Un projet de loi vise à quitter le TNP suite aux frappes militaires régionales
Le 30 mars, des rapports ont confirmé que le parlement iranien étudiait un projet de loi accéléré visant à retirer le pays du Traité de non-prolifération nucléaire (TNP), qu'il a ratifié en 1970. Proposée par le député Malek Shariati, cette législation vise à modifier fondamentalement la politique nucléaire de la nation en réponse à ce que Téhéran décrit comme des attaques américano-israéliennes intensifiées sur ses installations. Le projet de loi contient trois éléments principaux : la sortie du TNP, l'abrogation des lois nationales liées à l'accord nucléaire de 2014, et l'établissement d'un nouveau cadre pour la technologie nucléaire pacifique avec les nations alliées, y compris les membres des BRICS. Les responsables iraniens ont déclaré que cette mesure était nécessaire pour empêcher l'espionnage qu'ils croient se produire via les inspecteurs de l'AIEA, un rapport notant qu'une « conclusion finale commence à émerger... qu'il n'y a aucune raison de rester dans le TNP ».
Le retrait mettrait fin à plus de 50 ans de surveillance internationale
Un départ du TNP dissoudrait les obligations de longue date de l'Iran en vertu de l'accord international. Le traité, qui permet aux signataires de se retirer avec un préavis de trois mois, a exigé de l'Iran qu'il s'abstienne de développer des armes nucléaires et qu'il se soumette aux inspections de l'Agence internationale de l'énergie atomique (AIEA) en échange de l'accès à la technologie nucléaire pacifique. La sortie du traité libérerait l'Iran de ces exigences de transparence et de ces inspections, réduisant sévèrement la visibilité mondiale sur ses activités nucléaires. Cette décision a alarmé les experts en contrôle des armements qui la considèrent comme un tournant dangereux dans les efforts mondiaux de non-prolifération.
Le conflit en cours a intensifié le débat interne en Iran sur la nécessité des armes nucléaires pour la dissuasion.
— Kelsey Davenport, Association pour le contrôle des armements.

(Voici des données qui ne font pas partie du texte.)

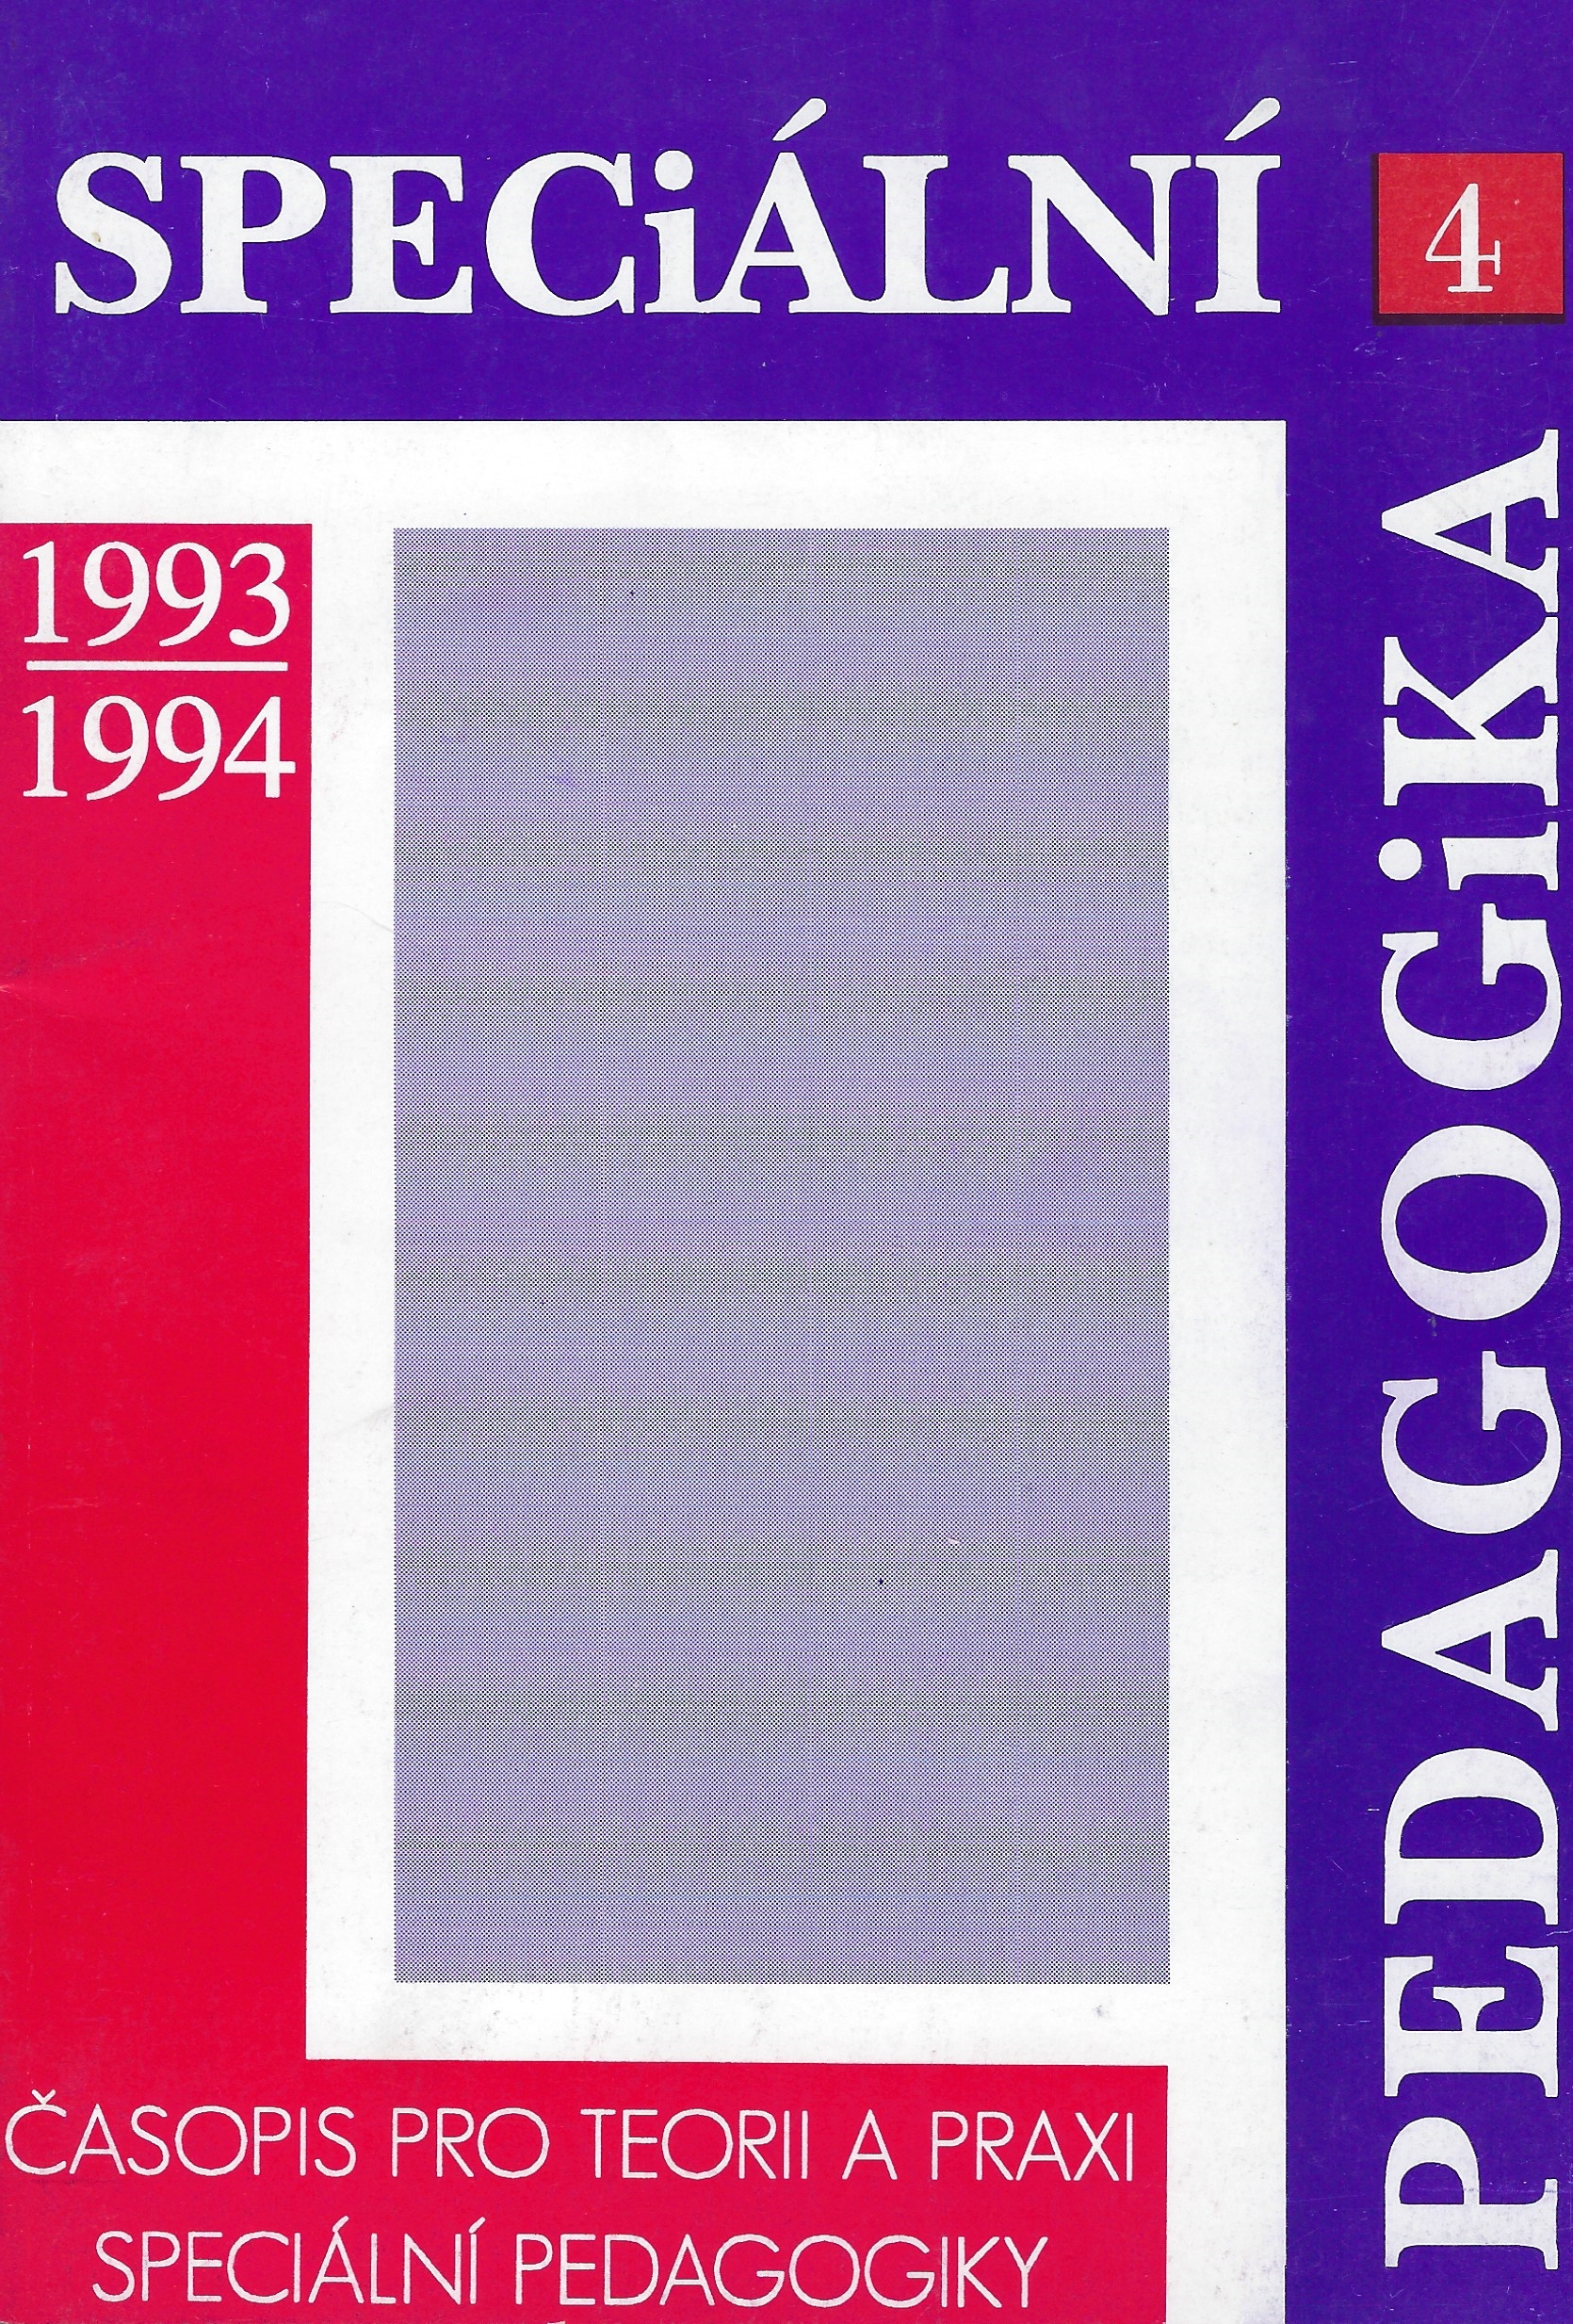 Speciální pedagogika 4-1993/1994

Les marchés du pétrole et de l'or face à un choc géopolitique
La principale conséquence financière d'un retrait iranien du TNP serait une forte escalade du risque géopolitique, impactant directement les marchés des matières premières et des actions. Une sortie menacerait la stabilité des approvisionnements énergétiques du Moyen-Orient, provoquant probablement une augmentation significative des prix du pétrole brut alors que les traders anticiperaient le potentiel d'un conflit plus large et de perturbations de l'approvisionnement. Cette incertitude accrue déclencherait également une fuite classique vers les valeurs refuges, bénéficiant à des actifs tels que l'or et le dollar américain. Inversement, les marchés boursiers mondiaux subiraient une pression à la baisse en raison de l'aversion accrue au risque des investisseurs.